Pain is Temporary.
Pride is Forever.

Wrestler walking to mat in dim lit lighting

Chapter One

Preseason

I became a writer, but not how they teach it in classrooms or MFA programs. I didn’t intern at a paper. Instead, I learned first how to observe human behavior from the bleachers of a high school gym in Sussex County, New Jersey. My notebooks were score sheets, handwriting looping across columns that would never be published. But even then I was archiving, collecting pieces of something larger than myself.

I wasn’t a wrestler and my name has never been featured on the front page. But I was there, and I remember everything. I remember the smell of mats, the sting of the bleach when we mopped them, and the way a gym filled with bodies could feel cavernous once everyone fell silent. The silence wasn’t emptiness. It was tension, inhaled breaths waiting to be let out.

No one has told this version, the one from the edges, the one where my clipboards carried stories like weight in their hands, the one where I kept stats, held jackets, and watched something extraordinary unfold without ever stepping into the spotlight.

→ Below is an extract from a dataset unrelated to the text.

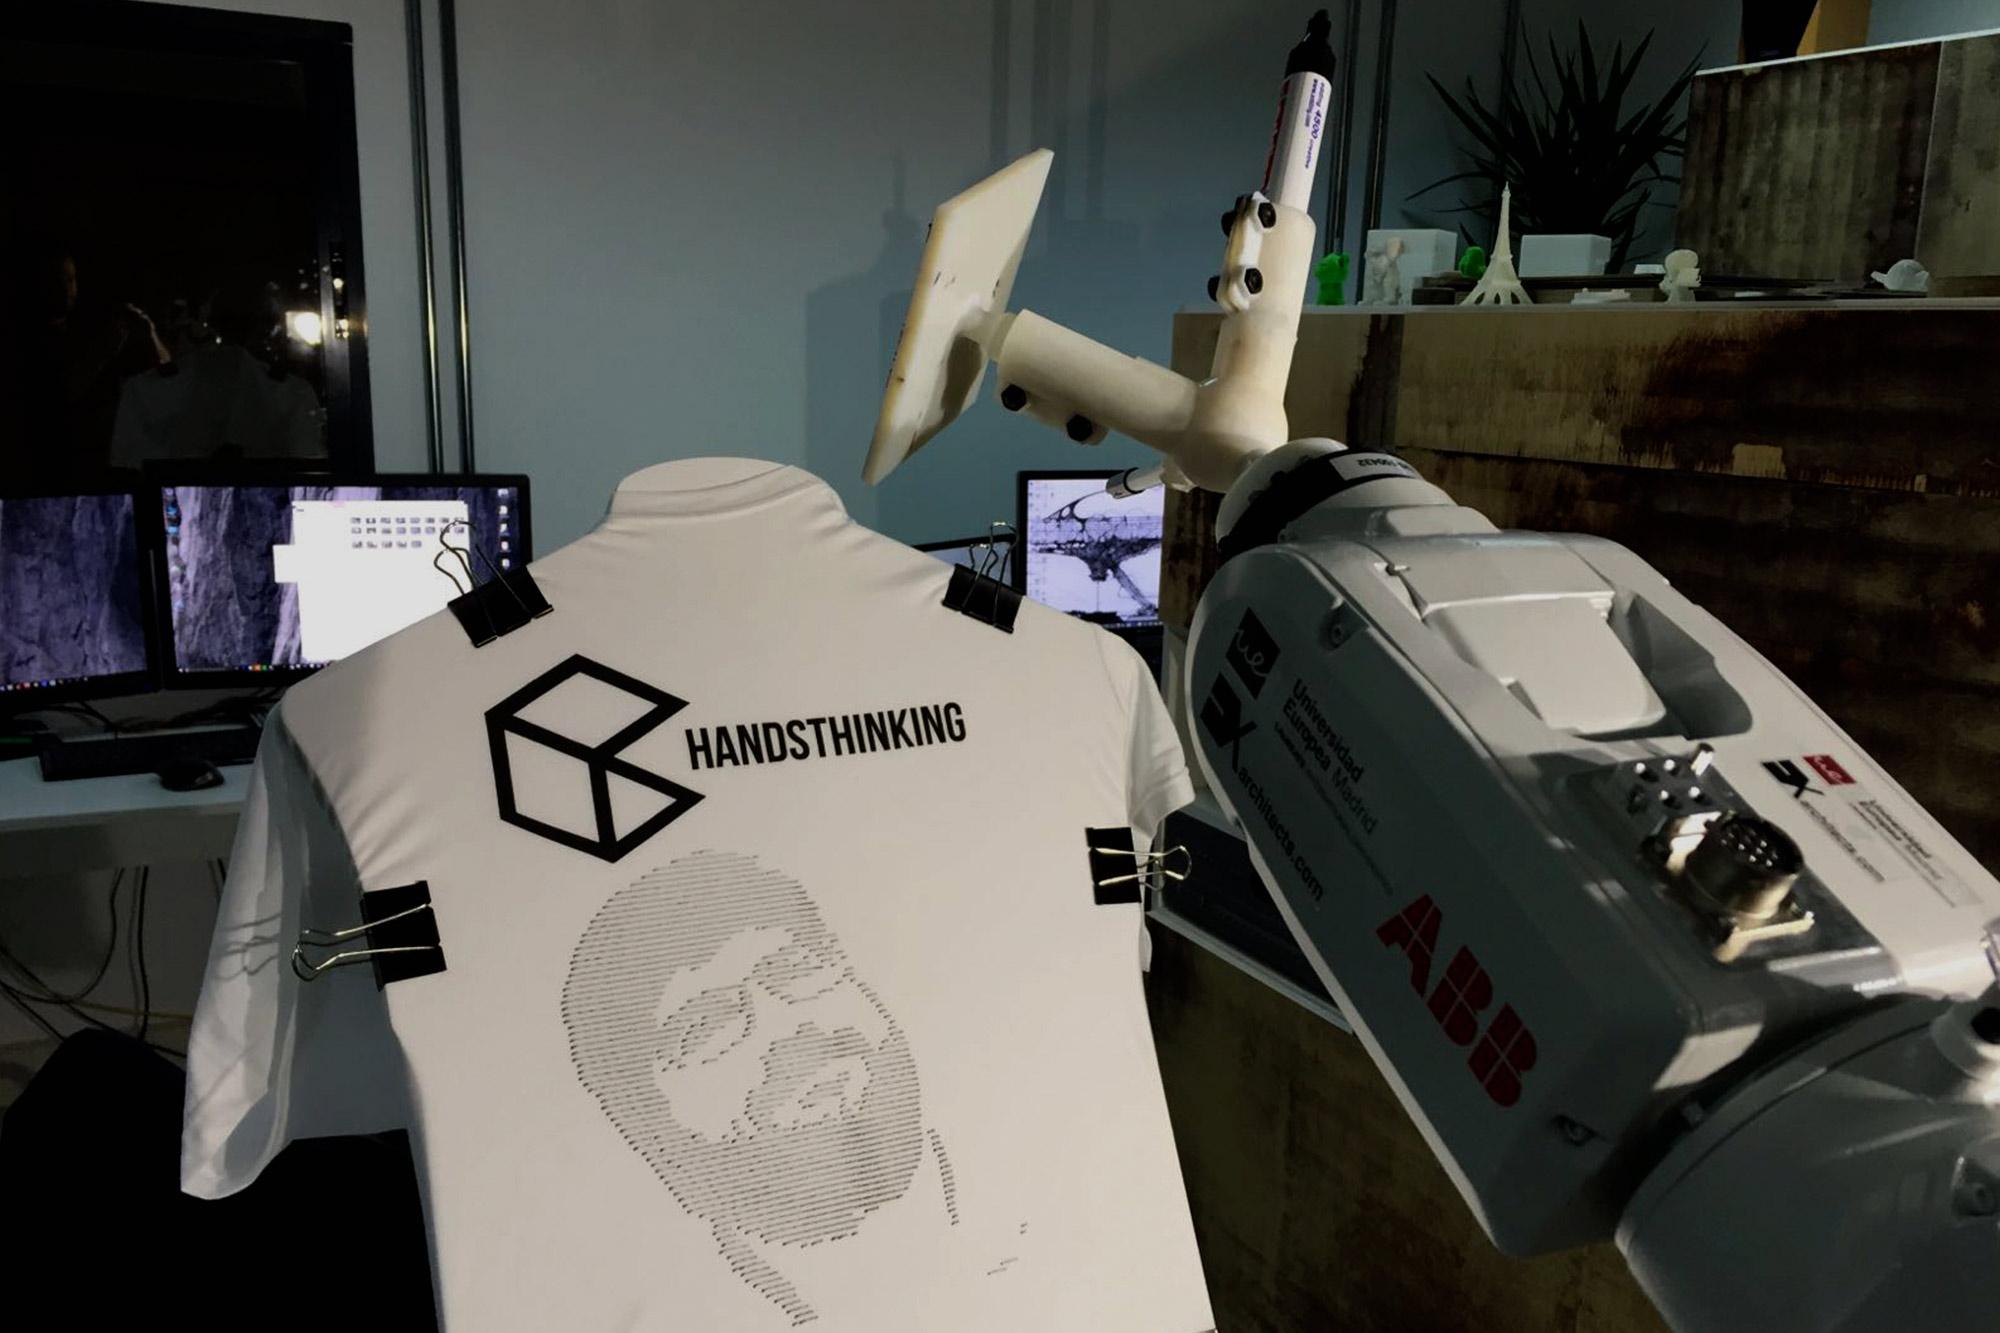 Retratos-Robots_-A_-techlab-_-EXarchitects_14

I never stood in the circle, but I was close enough to feel the vibration of every slam.

Seven years after graduation, I found myself on the final ruck march of my military basic training. Legs screaming and lungs on fire, I heard his voice faintly. He had trained me for more than stats. He taught me to endure with mental and physical toughness through sacrifice, through the display of my blood, sweat, and tears, always ending in the pride following the pain. I wasn’t just keeping scores anymore. I was keeping myself from quitting.

An echo of John Gill on the mats’ edge returned to me. The cadence of his coaching overlapped with the echo of my drill sergeant’s commands, and I realized then that endurance has many dialects, but the lesson is the same. Wrestling in all its forms can transform and inspire us.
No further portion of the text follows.